The neural network predicted the digit 3.

(e) Redo parts (c) and (d) again. Did you get a different result or different probabilities?

Solution

Upon redoing parts (c) and (d), the network still predicted digit 3, but the probabilities changed. In the second run, I got higher probabilities for digits 1 and 2 than originally, whereas in the first run the digit 5 had a nonzero probability. Digit 3 still maintained the highest probability across both runs, though its value was not constant.

(f) Above, you should get slightly different results each time. Can you perhaps explain why?

Solution

The variation in results is due to two reasons. First, when initializing the neural network, random weights and biases are generated each time. Second, the training process uses mini-batch gradient descent rather than batch gradient descent, which means the training data is randomly shuffled at the beginning of each epoch. Since the network trains on randomly selected mini-batches of images, the final weight values differ between runs. These differing weights lead to the slight variations in the output probabilities for different digits that we observe.

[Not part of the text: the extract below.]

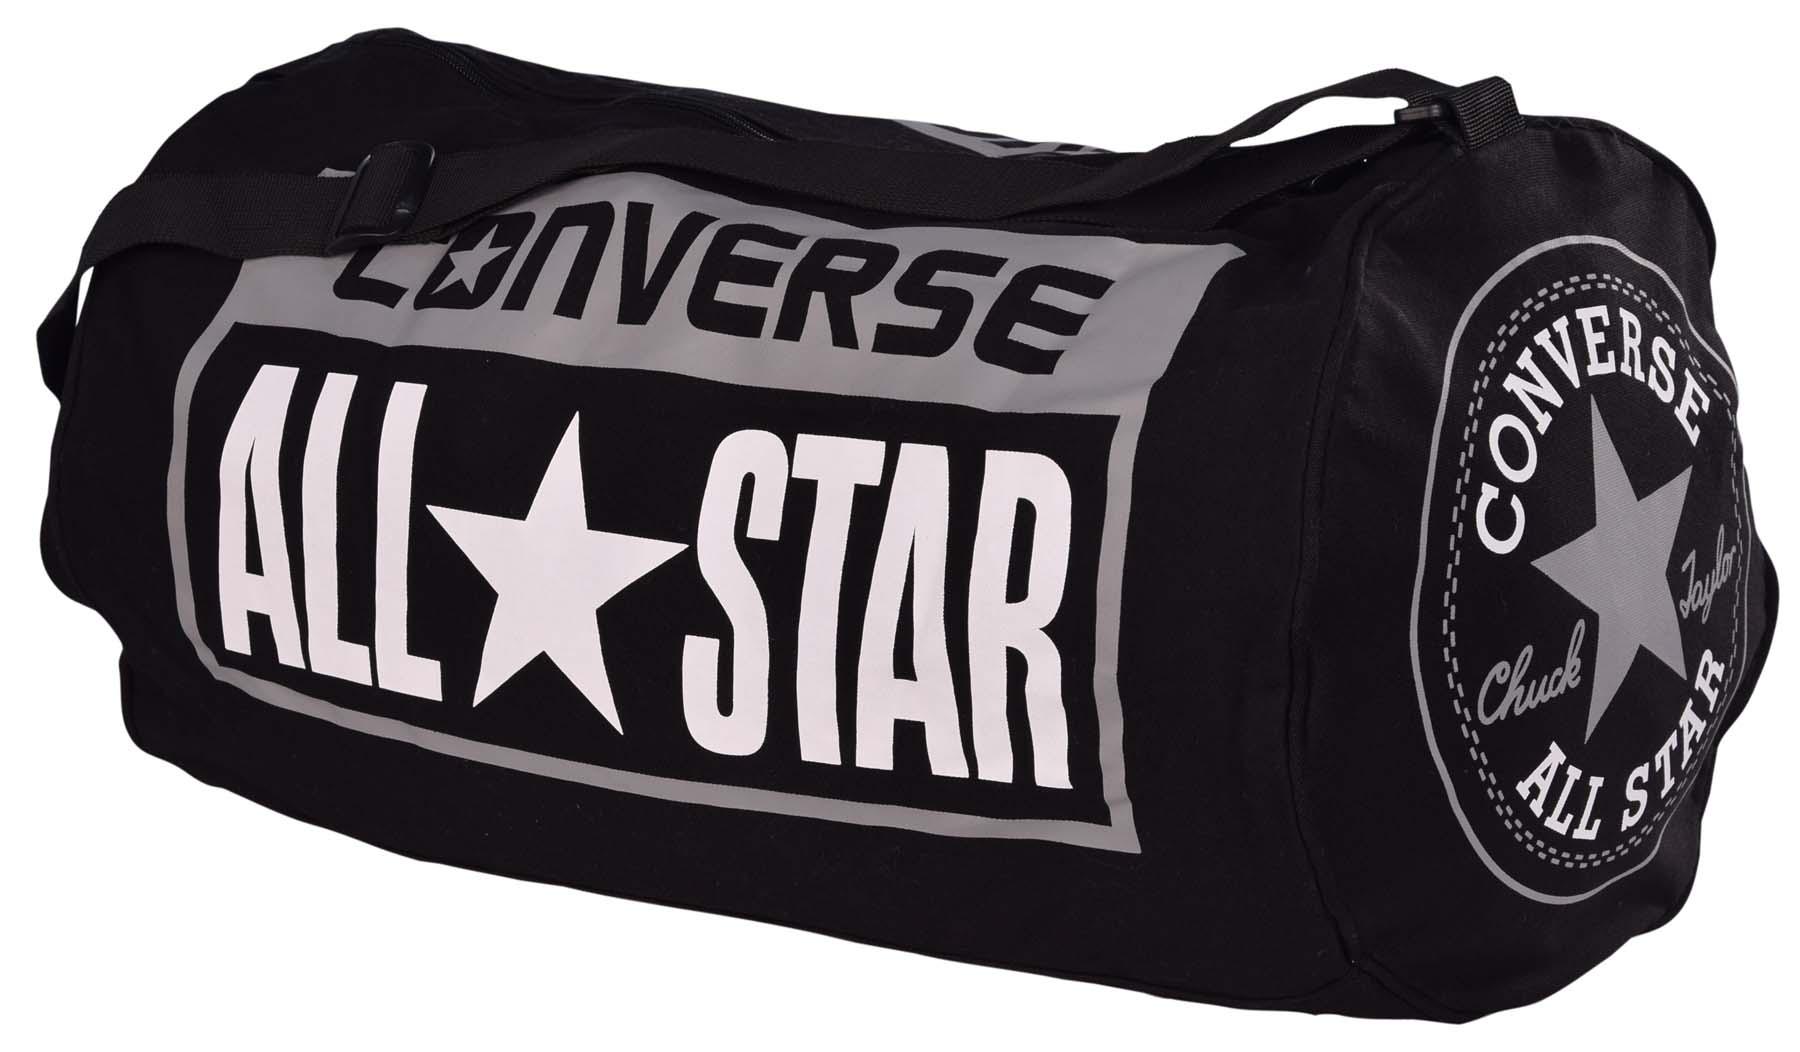 Converse-Legacy-All-Star-Patch-Duffle-Duffel-Bag-Black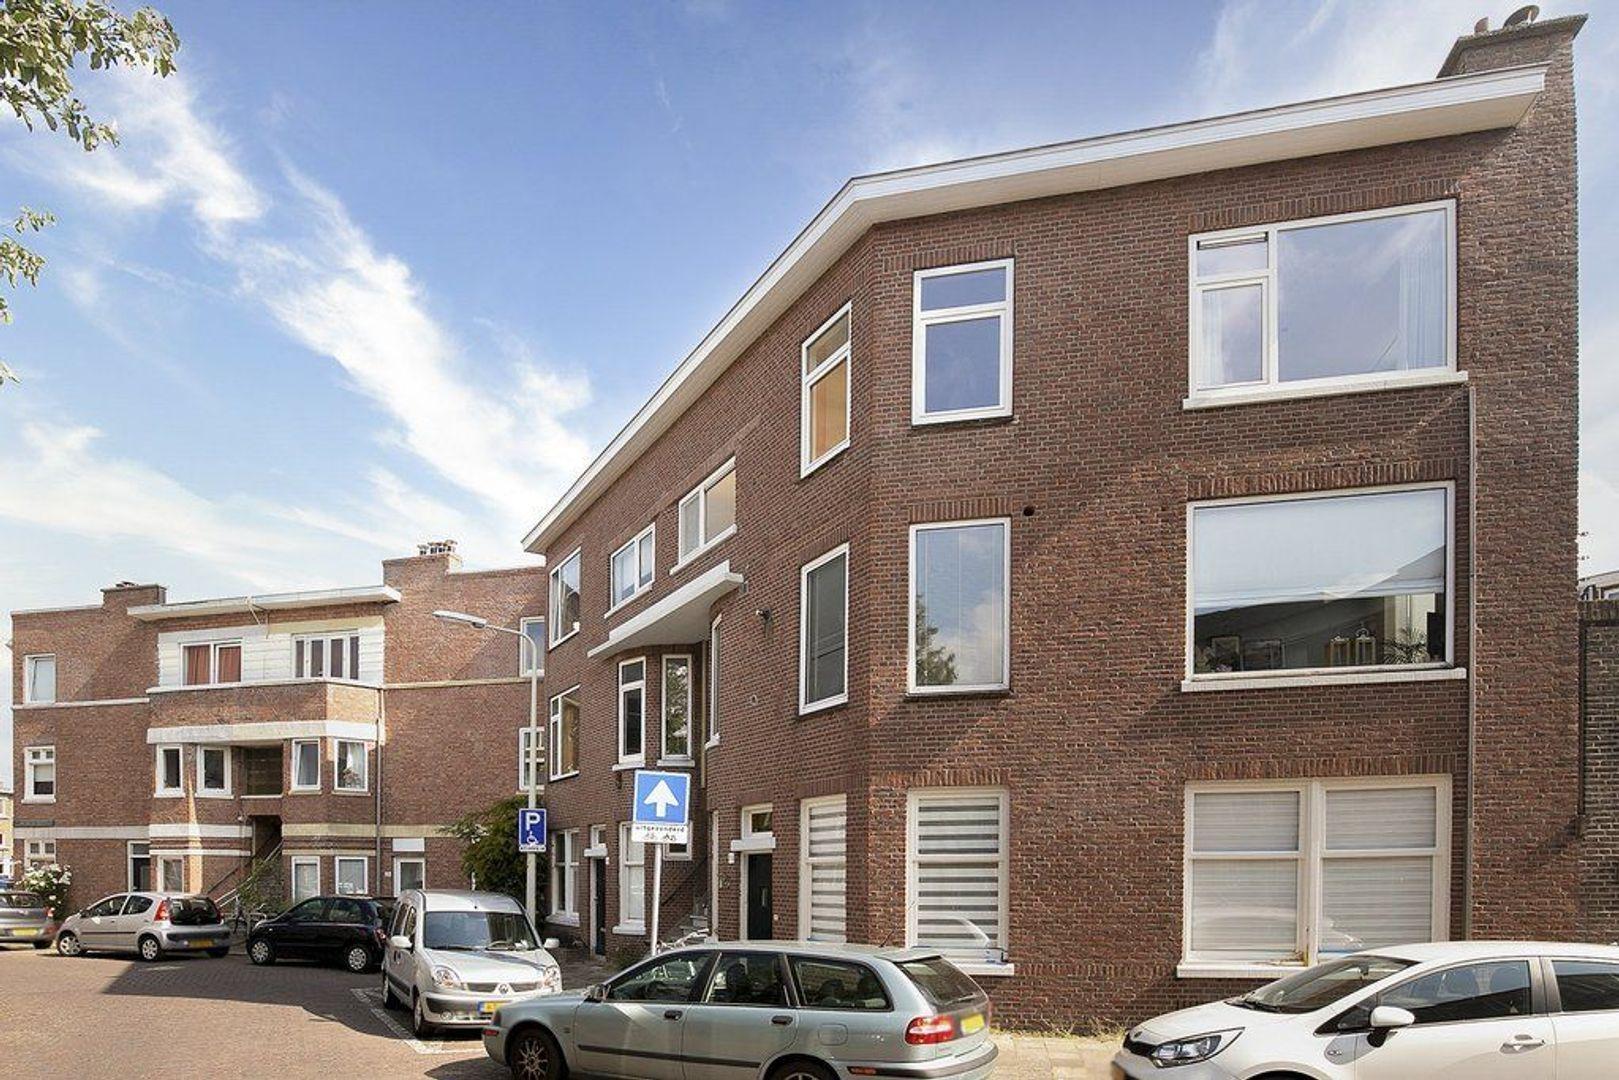 3e Joan Maetsuyckerstraat 228, Den Haag foto-21

For this question, please read the section called Introduction here: https://machinelearning.apple.com/research/face-detection.

(a) What kind of neural network does Apple use for features such as face recognition?

Solution

Apple uses Deep Neural Networks for features such as face recognition.

(b) What are the drawbacks of using models in deep learning? Hint: see the second paragraph under the section Introduction.

Solution

Deep learning models consume significant system resources compared to traditional computer vision. These models demand substantially more memory, disk storage, and computational power.

(c) How did Apple (and the rest of the industry) manage to overcome the drawbacks outlined above?

Solution

Apple and other companies addressed these limitations by using cloud-based services and APIs to execute their deep learning models. This approach enables them to send images to remote servers for analysis using deep learning inference. Since cloud services typically provide powerful GPUs with substantial memory capacity, they can run large deep learning models server-side rather than locally, making the technology accessible despite mobile devices being less powerful.